** Exercise data **
________________

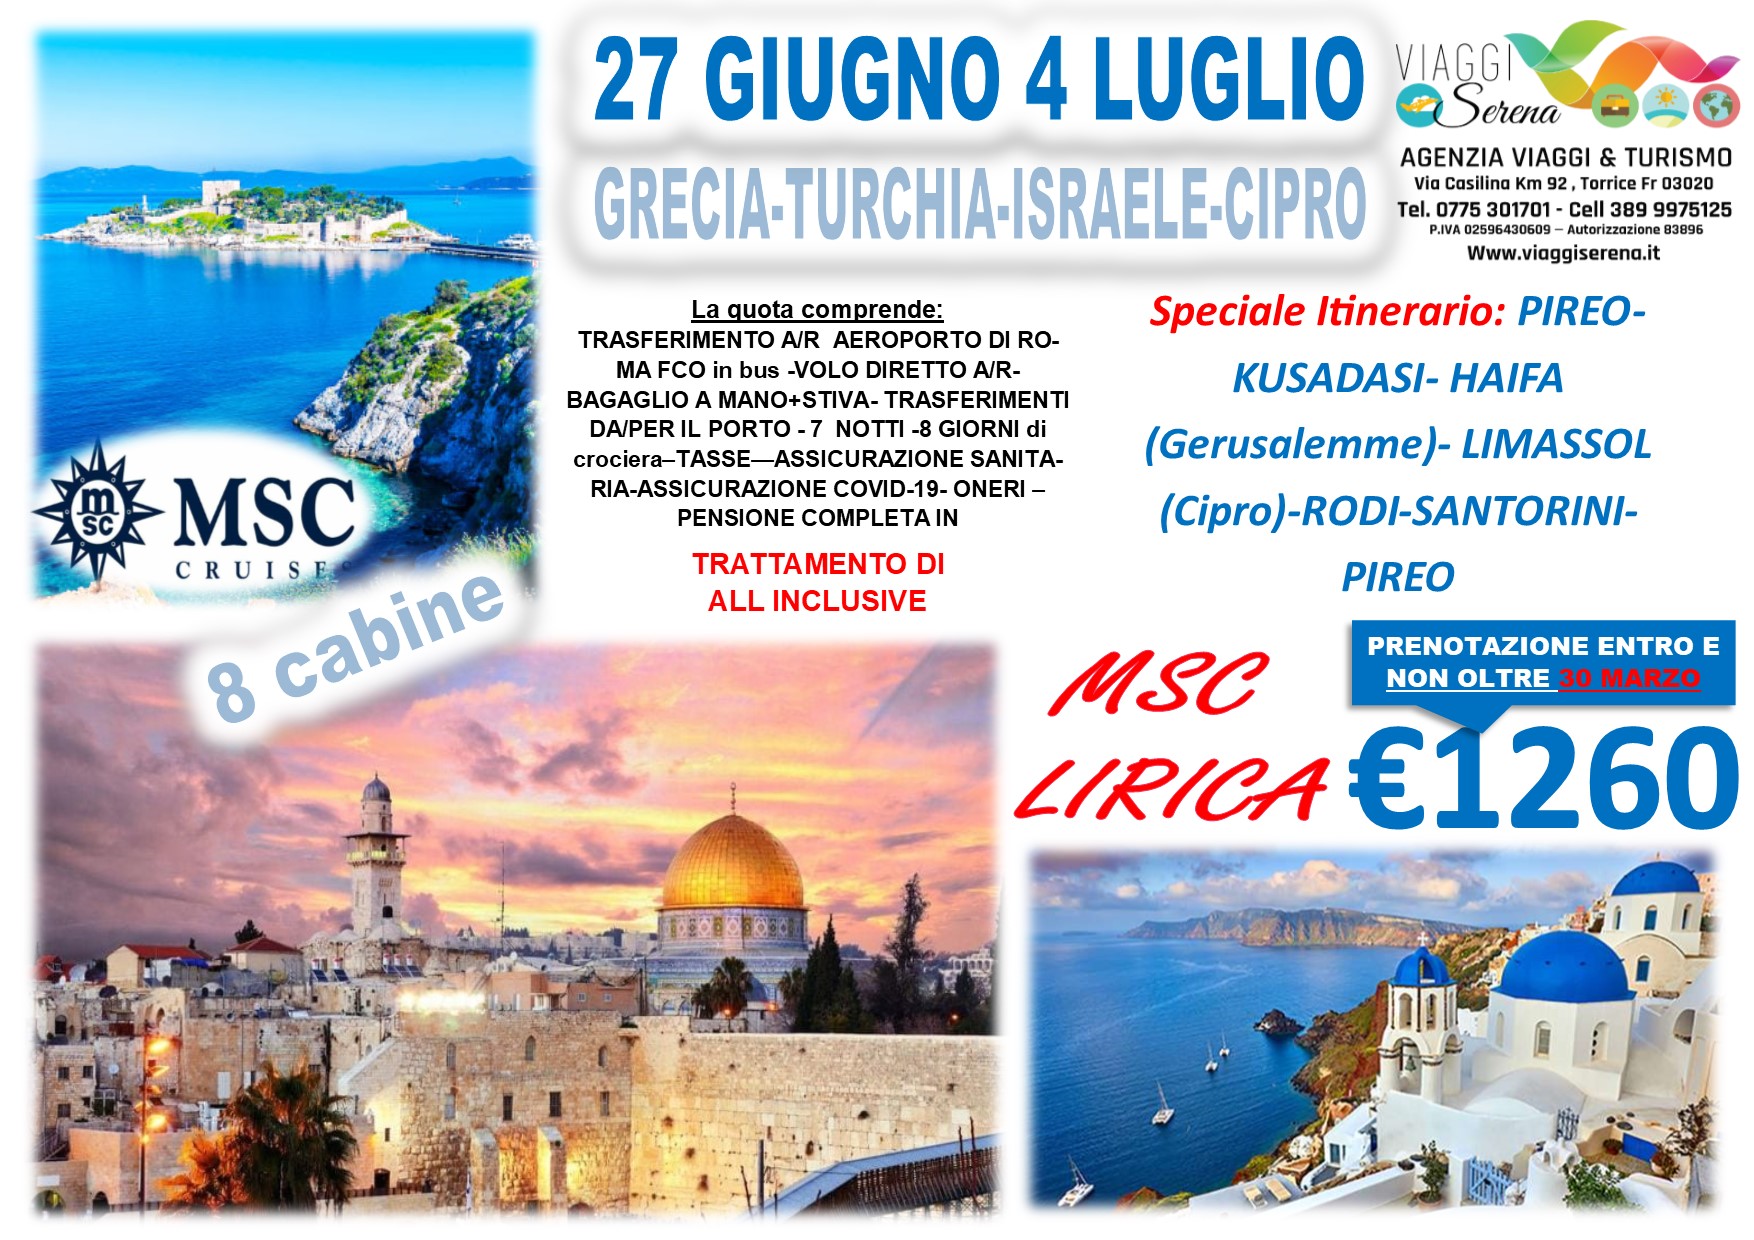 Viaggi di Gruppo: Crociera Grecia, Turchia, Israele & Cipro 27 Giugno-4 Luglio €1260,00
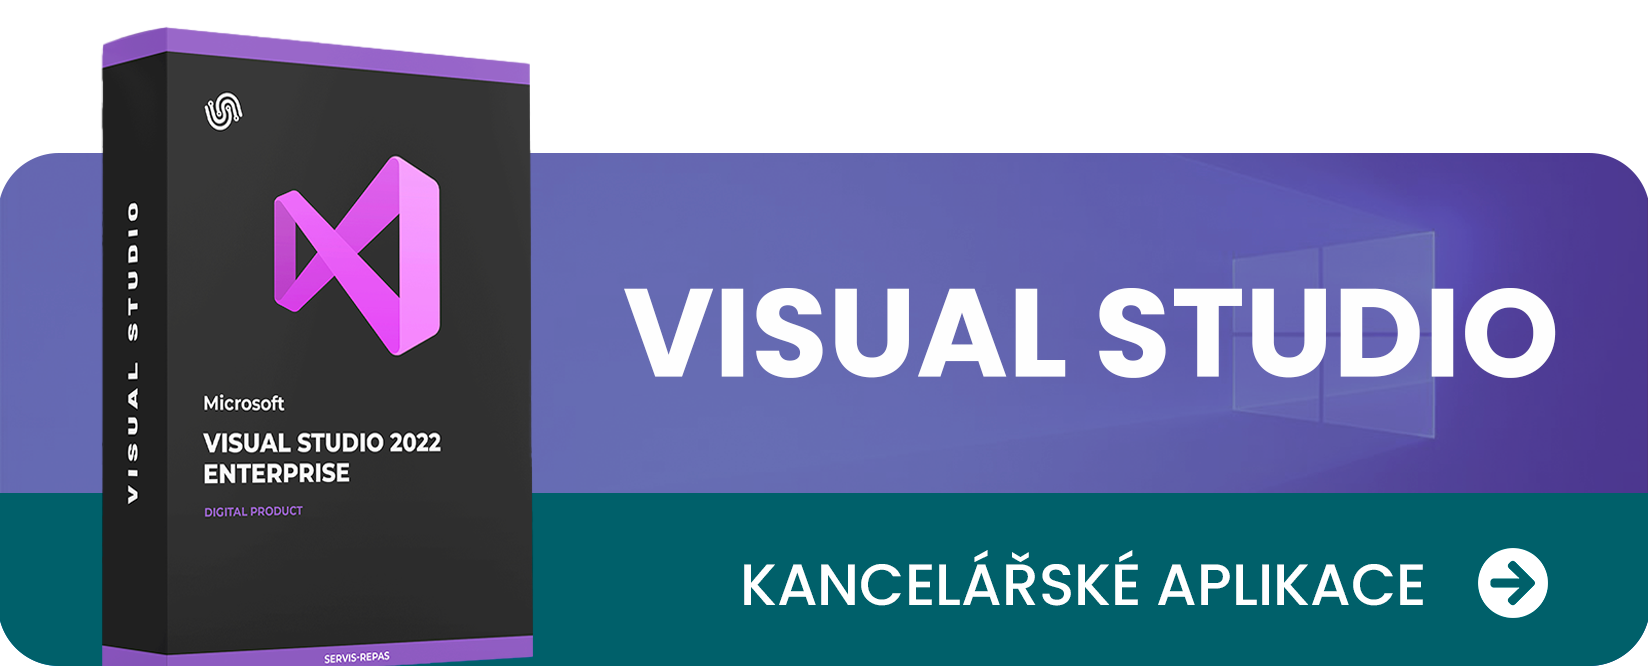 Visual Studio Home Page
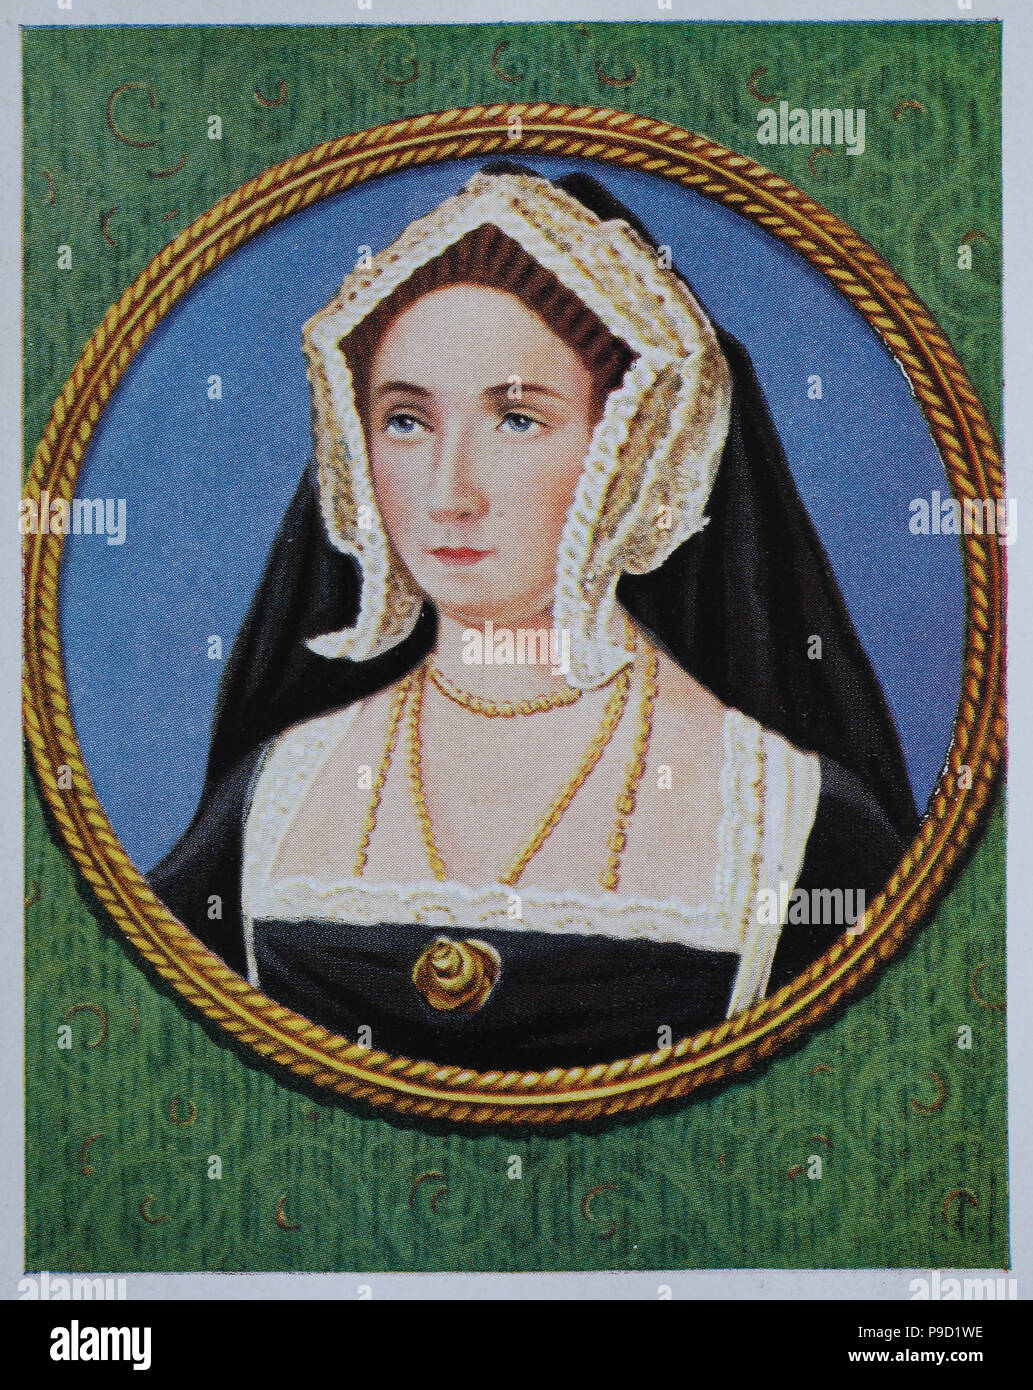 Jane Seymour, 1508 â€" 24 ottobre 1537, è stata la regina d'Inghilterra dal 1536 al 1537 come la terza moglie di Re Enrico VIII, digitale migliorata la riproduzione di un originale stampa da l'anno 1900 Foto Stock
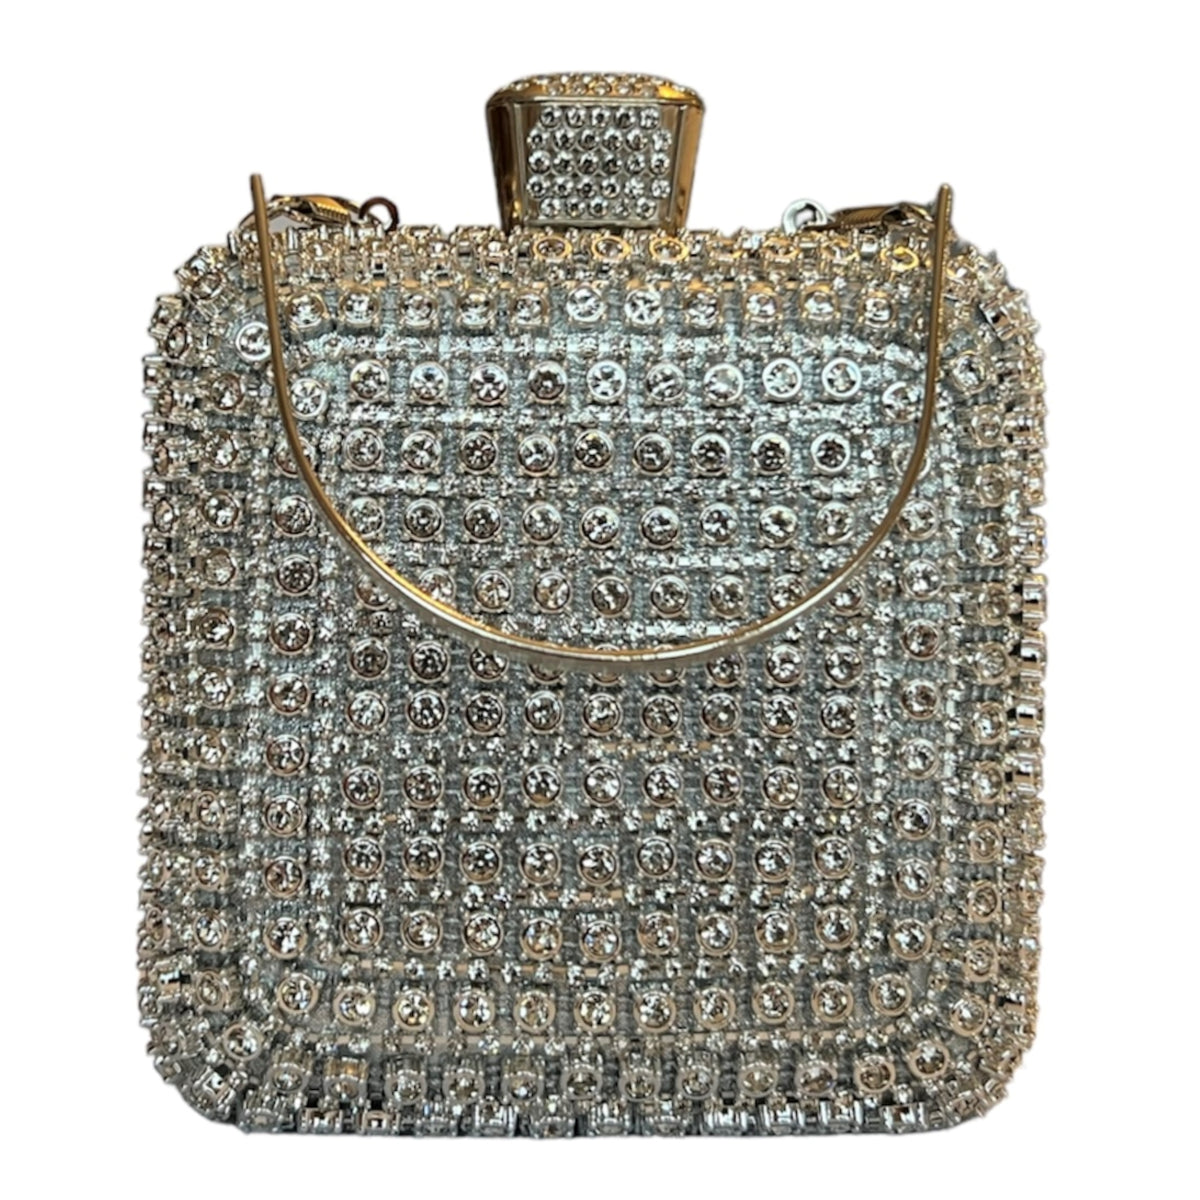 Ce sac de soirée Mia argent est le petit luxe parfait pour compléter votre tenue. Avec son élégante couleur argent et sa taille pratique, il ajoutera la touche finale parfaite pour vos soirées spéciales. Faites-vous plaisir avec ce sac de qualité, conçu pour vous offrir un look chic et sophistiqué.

________________

** Exercise instructions **
Repeat the material above word for word; no images go in the copy.

** Output for this task **
 Viaggi di Gruppo: Crociera Grecia, Turchia, Israele & Cipro 27 Giugno-4 Luglio €1260,00
 Visual Studio Home Page
 Jane Seymour, 1508 â€" 24 ottobre 1537, è stata la regina d'Inghilterra dal 1536 al 1537 come la terza moglie di Re Enrico VIII, digitale migliorata la riproduzione di un originale stampa da l'anno 1900 Foto Stock
 Ce sac de soirée Mia argent est le petit luxe parfait pour compléter votre tenue. Avec son élégante couleur argent et sa taille pratique, il ajoutera la touche finale parfaite pour vos soirées spéciales. Faites-vous plaisir avec ce sac de qualité, conçu pour vous offrir un look chic et sophistiqué.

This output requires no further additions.